If you ask people why they don’t believe in God, the reality of evil may be the biggest reason why.
Yet what we see in today’s Gospel is that Jesus does not abandon poor souls like this man to be imprisoned by evil, be it the evil of six thousand demons or a mental health condition, or the community that left him for dead.
Jesus will go on to suffer everything this man suffered, and more. He will be condemned, chained up, beaten, and ultimately crucified. He will descend into hell. But God raises him from the dead. Evil’s destructive power is broken.
Evil shutters in the presence of Jesus—because Jesus has full authority over all the powers, both human and supernatural, which are opposed to God. Whenever God’s Word is spoken, whenever people pray, the power of evil is broken. Love, patience, mercy, forgiveness, selflessness, generosity—these are the instruments that defeat evil.
That may be hard to believe, because you can’t put out a forest fire with a garden hose. But do you remember how the man said, “my name is Legion, for we are many?” Are we not many? Are we not the Body of the risen Christ? Are we not a major force for good when we believe God’s promises and do God’s work?

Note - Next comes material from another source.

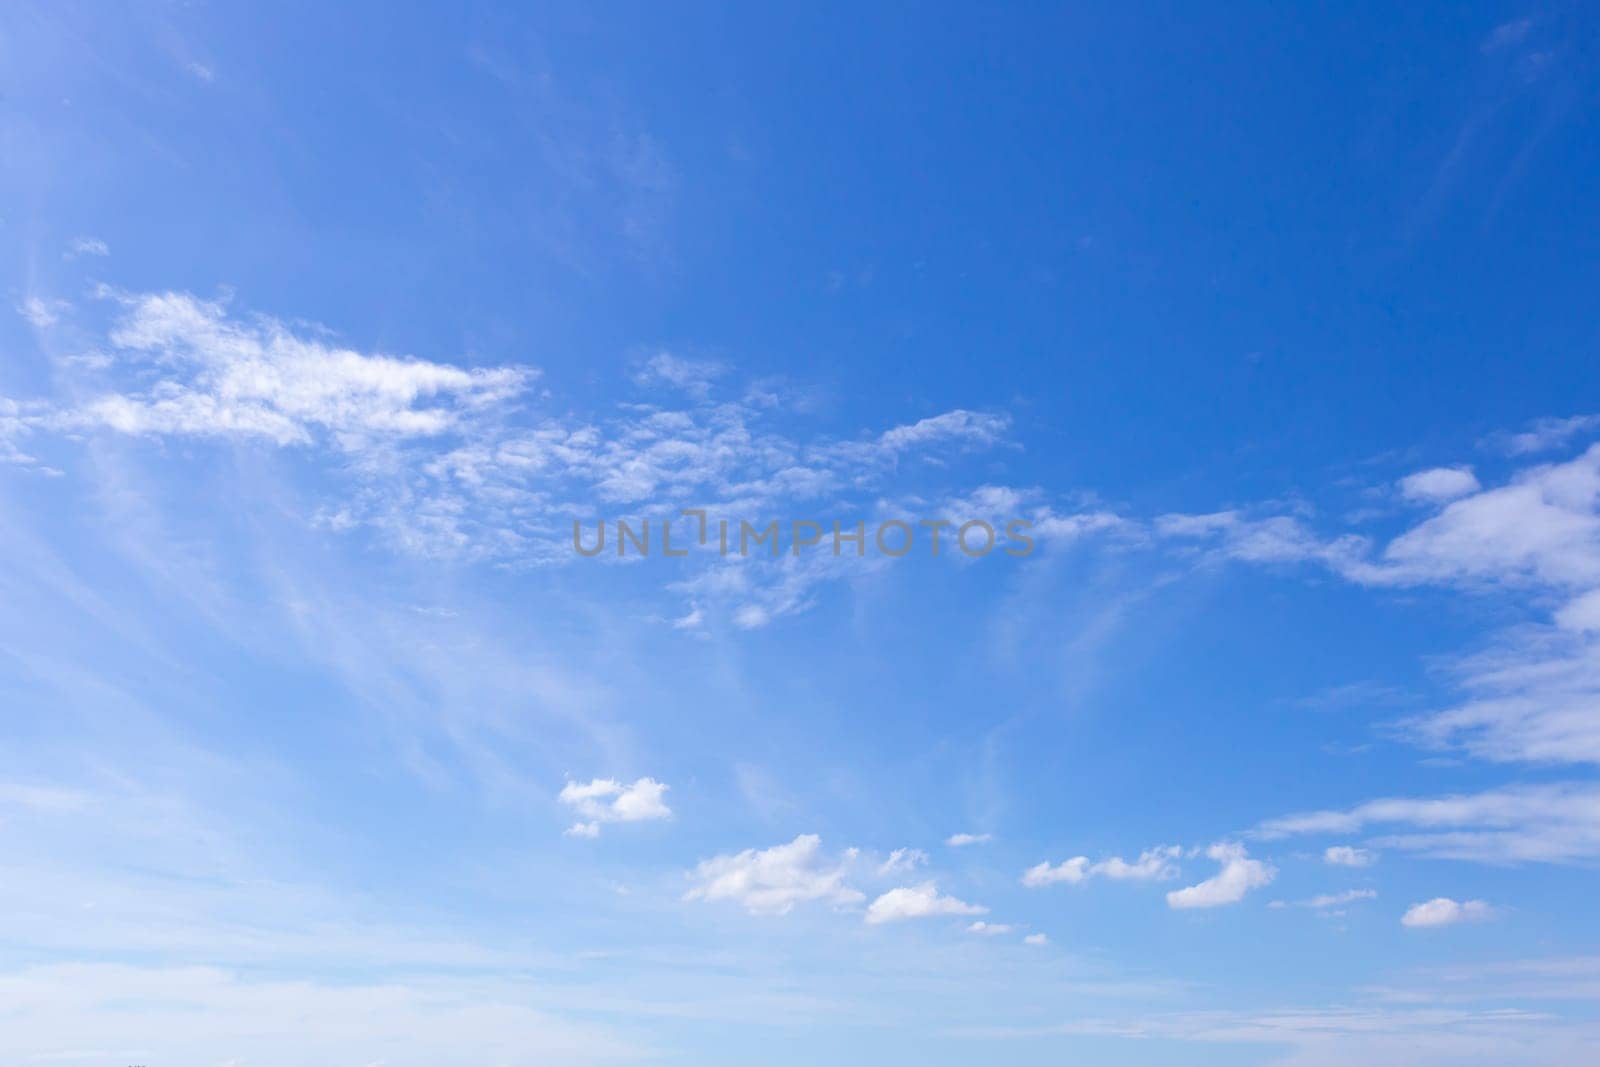 The Blue sky with scattered clouds by Gamjai
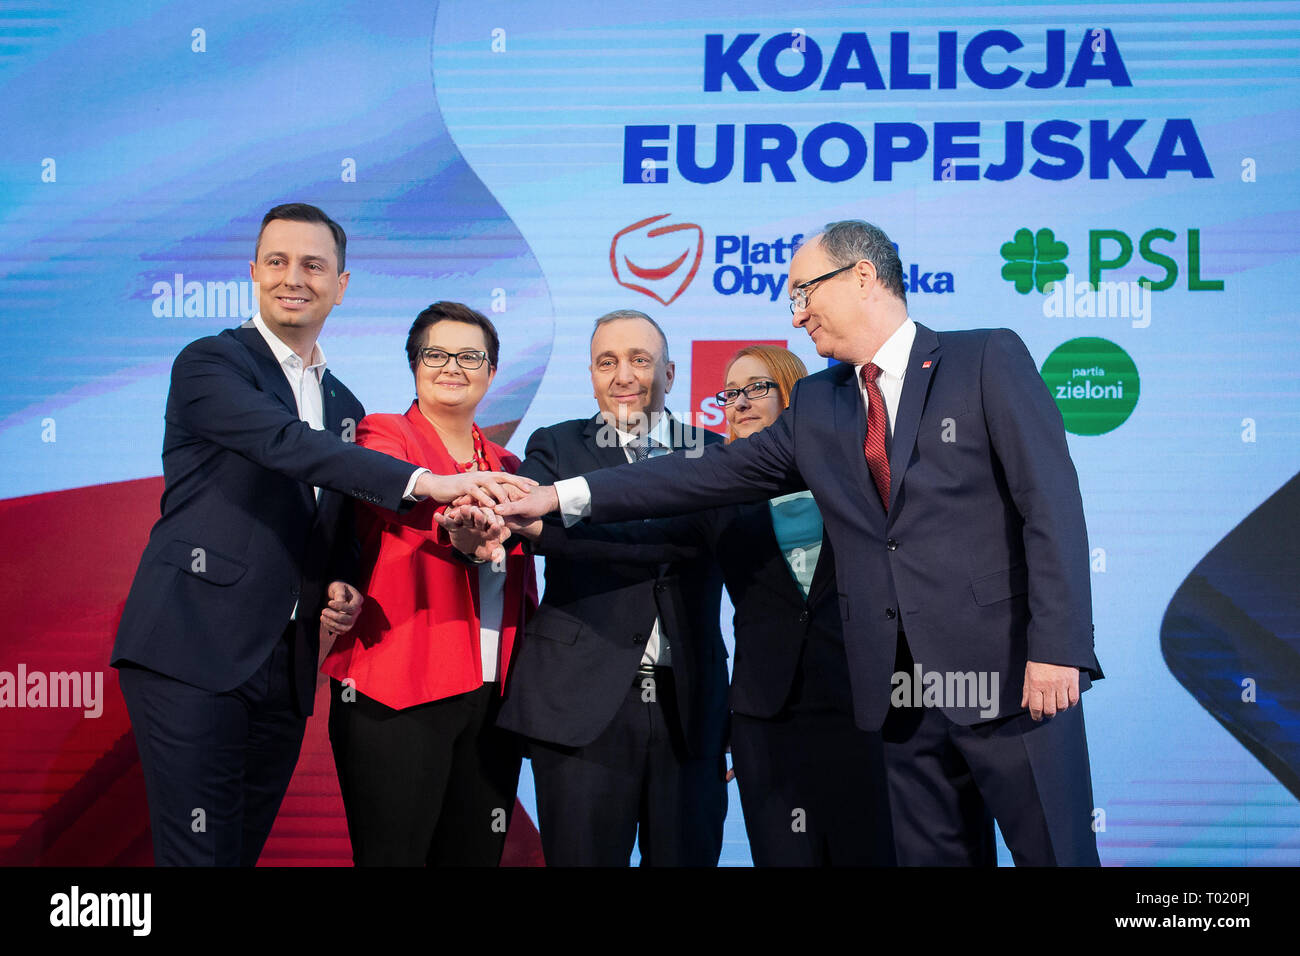 Wladyslaw Kosiniak-Kamysz, Katarzyna Lubnauer, Grzegorz Schetyna, Malgorzata Tracz and Wlodzimierz Czarzasty during a joint press conference of the ''European Coalition'' (five polish largest opposition parties) leaders in Warsaw, Poland on 24 February 2019. Five Polish opposition parties (Civic Platform, Modern party, Polish People’s Party, Democratic Left Alliance and Poland’s Greens) on Sunday signed a coalition declaration, ahead of the upcoming European Parliament Elections, and created initiative billed as the European Coalition. Stock Photo

I can tell you from my own experience that I have felt the prayers of God’s people as power that holds me up and keeps me going. I can also tell you that the work we do as a congregation has literally saved lives.
We remember people like Dr. Martin Luther King because he was a man of faith. The civil rights movement began in the church, and people of faith changed the world. They pursued a vision of peace and justice revealed in the Scriptures, and not with bombs or bullets.
You will have to contend against evil until the day you see Jesus face-to-face. But the only the way the devil can win is if you become so discouraged that you give up praying, that you give up gathering with the people of God, that you give up doing good. Why should you do that?